= Albert Charles Bartlett =

British electrical engineer (1892–1939)

Albert Charles Bartlett (5 August 1892 – ) was a British electrical engineer who worked for the General Electric Company in Wembley. He had some correspondence with Wilhelm Cauer on the subject of filter designs.

He published a treatment of geometrically symmetrical 2-port networks in 1927 and is responsible for Bartlett's bisection theorem which shows that any symmetrical network can be transformed into a symmetrical lattice network.

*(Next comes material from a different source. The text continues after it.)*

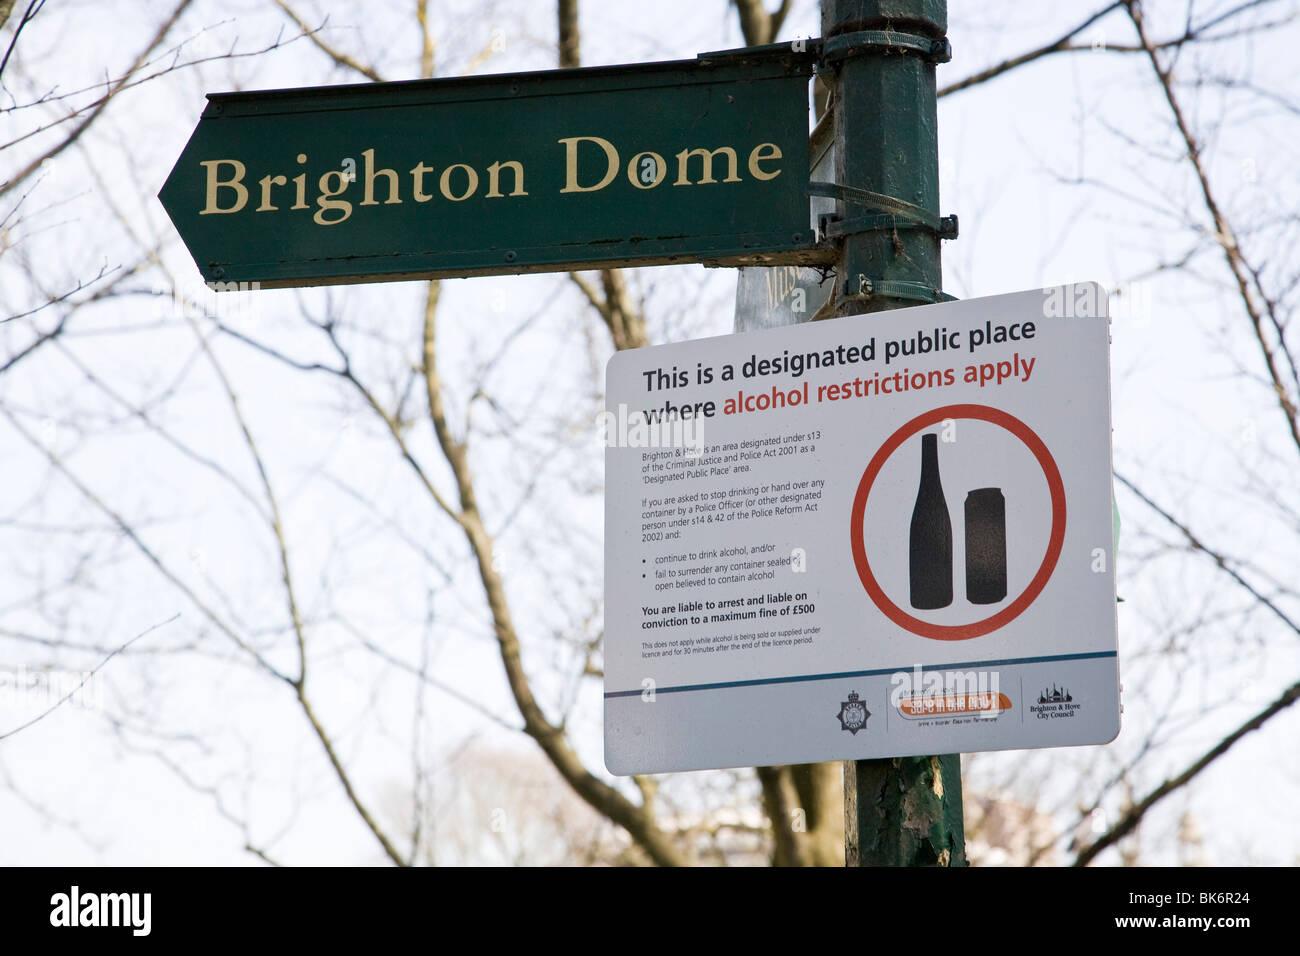 Restriction d'alcool Brighton Brighton Dome signe dans les jardins. Photo Stock

He also patented the idea of using the method of an active amplifier with "negative resistance" to cancel the inductance of a telephone line.

==Publications==
===Journal articles===

- Bartlett, AC, "An extension of a property of artificial lines", Phil. Mag., vol 4, p902, November 1927.
- Bartlett, AC, "A standard of small capacity differences", J. Sci. Instrum., vol 8, No 8 (August 1931), pp260–262.
- Bartlett, AC, "Note on the theory of screened impedances in A.C. bridges with the Wagner earth",J. Sci. Instrum., vol 6, No 9 (September 1929), pp277–280.
- Bartlett, AC, "A small peak voltmeter and an application", J. Sci. Instrum., vol 8, No 9 (June 1924), pp281–284.

===Patents===

- Bartlett, AC, Line balance for loaded telephone circuits, GB1767199, filed 30 Mar 1925, issued 24 Jun 1930.
- Bartlett, AC, Improvements in Electric Discharge Tubes, GB239736, filed 30 Oct 1924, issued 17 Sept 1925.
- Bartlett, AC, An improved method for reducing the self-inductance of electric circuits, GB278036, filed 25 May 1926, issued 26 Sep 1927.

===Books===
- Bartlett, AC, The theory of electrical artificial lines and filters, 1930, Chapman & Hall (London), LCCN 30030668.